Выпивает Прохор Самсонович медленными глотками, глядя поверх стакана напряженными глазами. Обвисший кадык взволнованно трепещет. Допил до дна, довольно крякнул, стукнул донышком о столешницу: хороша, едрит её бабку! Некоторое время он сидит в застывшей позе, шумно дышит носом, нюхает хлеб.
Я пью вслед за ним, откусываю ломтик огурца – хрустит на зубах налипшая к кожуре песчинка, на миг во рту появляется что-то земляное, грустное. Язык и небо обожжены, вкус огурца пропадает в горечи, сивушный дым туманит глаза. Отщипываю от теплого карася корочку. Она тоже хрустит, тает на языке, и я вдруг чувствую запахи пруда, в котором эта рыба когда-то жила…

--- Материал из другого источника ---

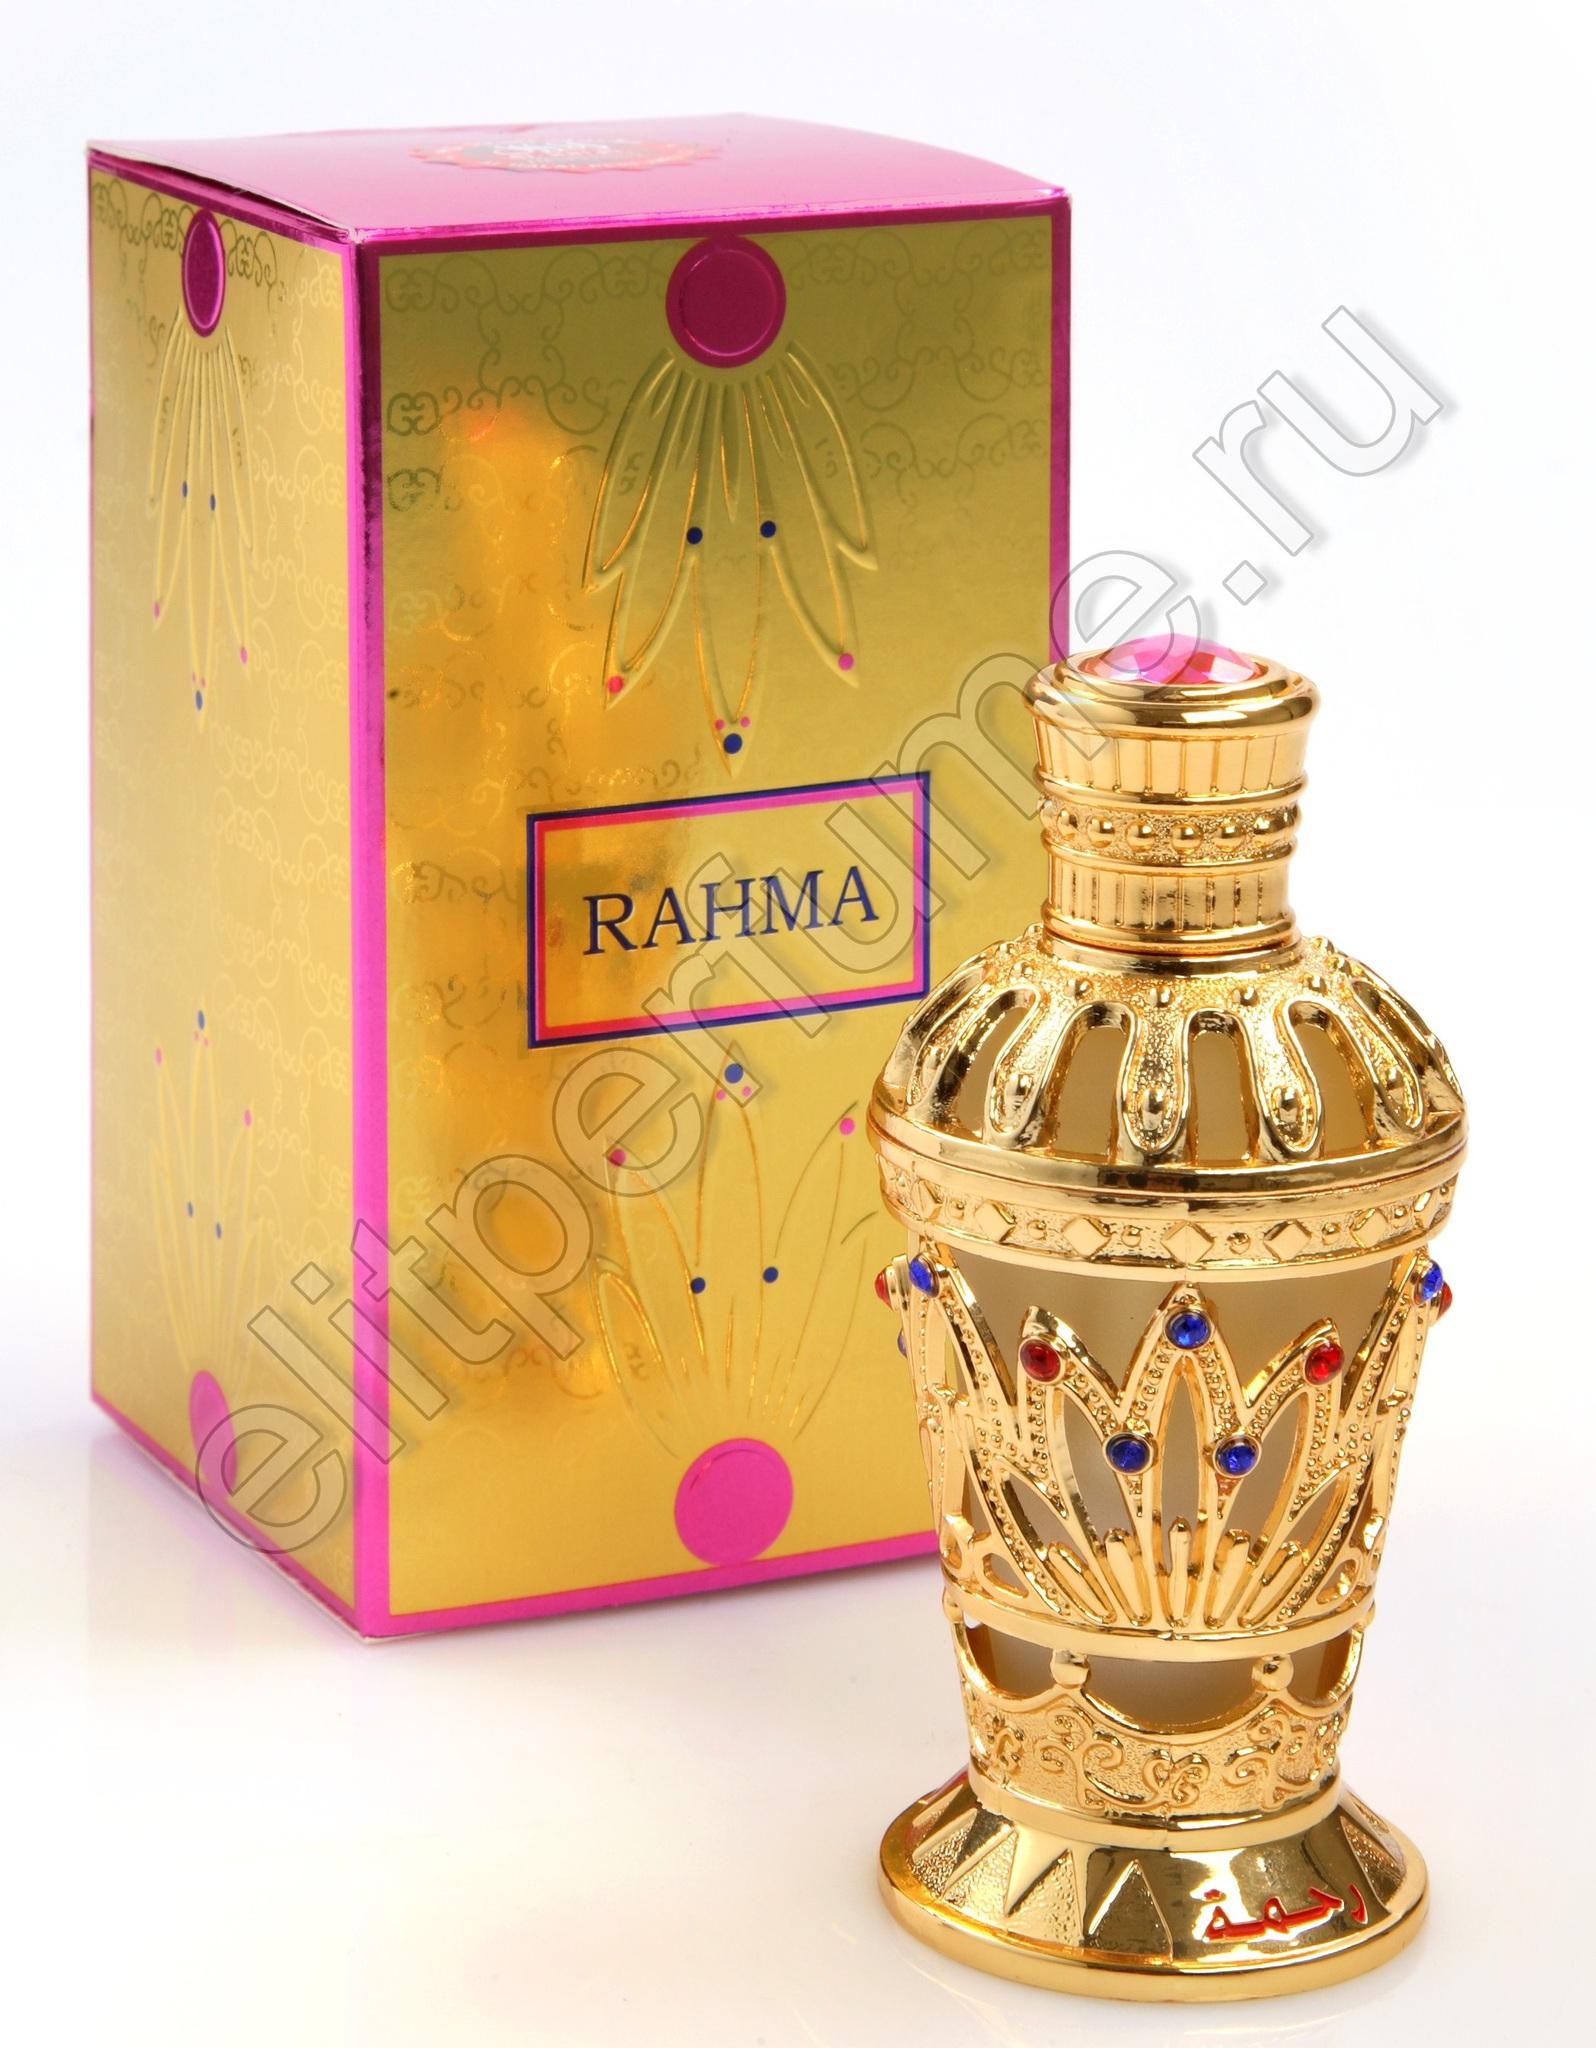 Пробники для духов Рама Rahma 1 мл арабские масляные духи от Аль Харамайн Al Haramin Perfumes

Старик дышит всей грудью, смотрит на темные к ночи деревья. Слышно, как в доме кашляет Марьяна Прокопьевна.
Старик оживляется, блестят в сумерках водянистые глаза:
– Из чего Гена ее гонит? – спрашивает он пока еще строгим голосом.
– А хрен его знает.
Помолчав, выпиваем по второй. Бывший Первый с удовольствием обсасывает голову жареного карася, нахваливает – давно не откушивал свежей рыбы…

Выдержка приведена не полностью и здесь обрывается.